How do you write \[\left( -3x-1 \right)\left( x+1 \right)\] in standard form?

Answer 1

Hint: In the question that has been mentioned above we have been given an equation which has only one variable but will result in quadratic form. The form cannot be stated as a standard form as two different brackets are in multiplication to each other and the values which are in the bracket are linear equations so we need to remove those two brackets and write the whole equation as a standard form of a quadratic equation.

Complete step by step answer:
In the above mentioned question we need to write the standard form of a linear equation which is:
\[a{{x}^{2}}+bx+c\]
We need to write the given equation in the same format as mentioned above for this we are going to first open the brackets by taking one of the linear equations out of the two and use the values to multiply it with the other, basically let us say that we are going to take the first bracket’s linear equation i.e.(-3x-1) from this linear equation we are first going to take -3x and then multiply it with the values of the next linear equation one by one i.e. first by x and then multiply it by 1 then again do the same thing with -1 which is the second term of the first linear equation by doing this we will be able to open the brackets and will see a new equation which will be close to a quadratic equation.

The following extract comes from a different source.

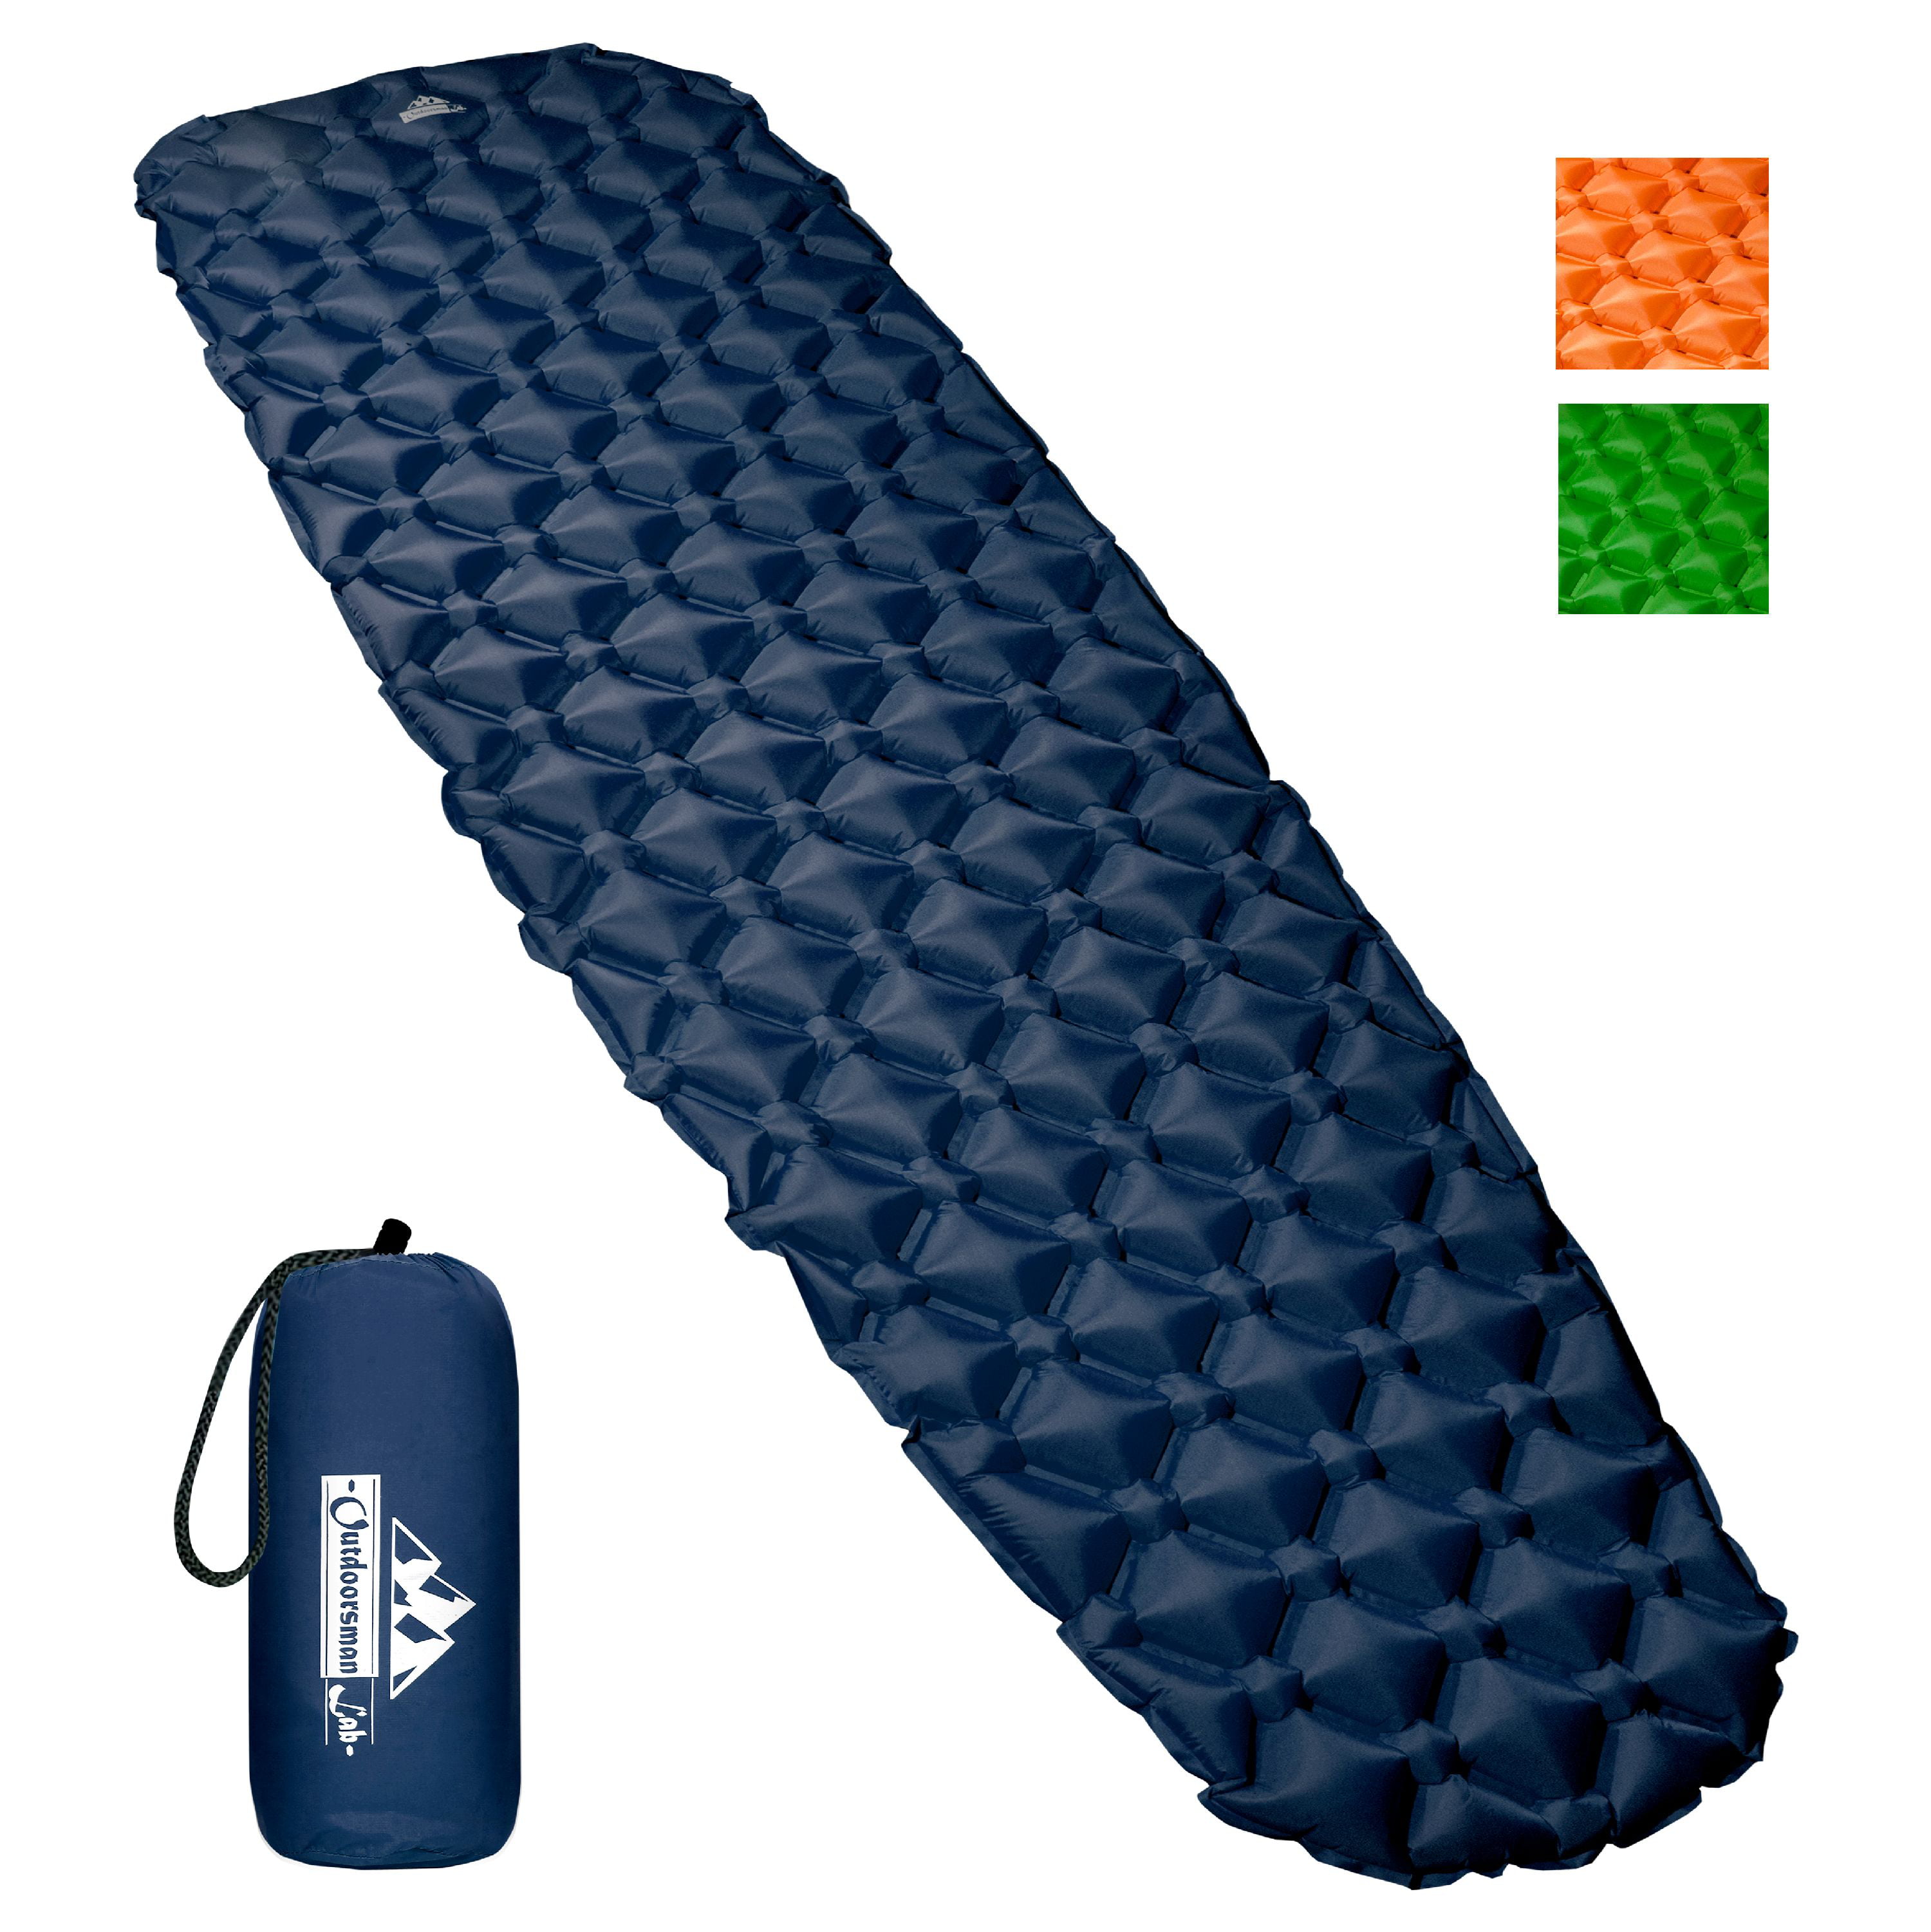 Outdoorsmanlab Camping Hiking Ultralight Sleeping Pad Ultra-Compact For Backpack

After opening the bracket we will get:
\[=-3{{x}^{2}}-3x-x-1\]
Now after we have opened the brackets we can there are two different values of x so we will add both the values of x and we will get the final equation i.e. the required standard equation which we will get as:
\[=-3{{x}^{2}}-4x-1\]
So the standard form of the equation given in the question is \[=-3{{x}^{2}}-4x-1\].

Note:
For solving this type of question we need to first know what type of equation is it, in this question we can see that both the brackets have one x value on it so this equation will turn out to be a quadratic function if it had been \[{{x}^{2}}\] and x the it would have become a polynomial function so when we have figured out what type of function will be forming we will easily be able to convert the given equation in into its standard form by comparing the standard equation and the equation given in the question.